-- About this task --
Reproduce the listing below exactly, from its first line down to and including the line with "4 LARGE ACCUMULAIR".

-- Extracted information --
┌────────

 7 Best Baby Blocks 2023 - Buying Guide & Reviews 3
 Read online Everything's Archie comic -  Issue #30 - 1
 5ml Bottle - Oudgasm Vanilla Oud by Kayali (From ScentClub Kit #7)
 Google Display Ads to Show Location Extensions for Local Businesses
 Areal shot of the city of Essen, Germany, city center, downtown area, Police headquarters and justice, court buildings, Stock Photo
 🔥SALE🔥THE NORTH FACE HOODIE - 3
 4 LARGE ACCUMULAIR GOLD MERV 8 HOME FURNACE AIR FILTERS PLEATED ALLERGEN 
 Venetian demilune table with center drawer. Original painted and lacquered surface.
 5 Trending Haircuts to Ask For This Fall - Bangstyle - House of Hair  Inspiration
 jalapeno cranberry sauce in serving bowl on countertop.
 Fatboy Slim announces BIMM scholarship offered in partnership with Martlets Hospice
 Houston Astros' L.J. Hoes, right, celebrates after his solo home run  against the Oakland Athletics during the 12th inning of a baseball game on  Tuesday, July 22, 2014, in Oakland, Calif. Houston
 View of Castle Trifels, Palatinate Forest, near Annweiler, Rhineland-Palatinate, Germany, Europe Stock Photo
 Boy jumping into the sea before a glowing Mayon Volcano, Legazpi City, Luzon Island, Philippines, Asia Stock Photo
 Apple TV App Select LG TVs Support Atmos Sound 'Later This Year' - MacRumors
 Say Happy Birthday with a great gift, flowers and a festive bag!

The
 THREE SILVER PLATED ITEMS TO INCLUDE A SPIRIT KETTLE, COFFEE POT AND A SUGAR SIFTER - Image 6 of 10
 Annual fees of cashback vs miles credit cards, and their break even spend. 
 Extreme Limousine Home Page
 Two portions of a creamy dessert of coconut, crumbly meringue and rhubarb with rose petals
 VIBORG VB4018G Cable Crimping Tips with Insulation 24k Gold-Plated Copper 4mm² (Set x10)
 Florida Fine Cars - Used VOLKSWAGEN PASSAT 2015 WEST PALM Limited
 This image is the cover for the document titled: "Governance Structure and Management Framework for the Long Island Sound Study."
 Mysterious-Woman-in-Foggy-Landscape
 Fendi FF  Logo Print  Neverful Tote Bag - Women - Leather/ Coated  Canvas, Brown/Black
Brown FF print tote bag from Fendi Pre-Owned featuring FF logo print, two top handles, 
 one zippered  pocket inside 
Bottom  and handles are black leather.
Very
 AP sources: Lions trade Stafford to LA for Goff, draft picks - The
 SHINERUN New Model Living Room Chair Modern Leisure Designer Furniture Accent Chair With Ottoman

└────────

-- Task output --
 7 Best Baby Blocks 2023 - Buying Guide & Reviews 3
 Read online Everything's Archie comic -  Issue #30 - 1
 5ml Bottle - Oudgasm Vanilla Oud by Kayali (From ScentClub Kit #7)
 Google Display Ads to Show Location Extensions for Local Businesses
 Areal shot of the city of Essen, Germany, city center, downtown area, Police headquarters and justice, court buildings, Stock Photo
 🔥SALE🔥THE NORTH FACE HOODIE - 3
 4 LARGE ACCUMULAIR GOLD MERV 8 HOME FURNACE AIR FILTERS PLEATED ALLERGEN 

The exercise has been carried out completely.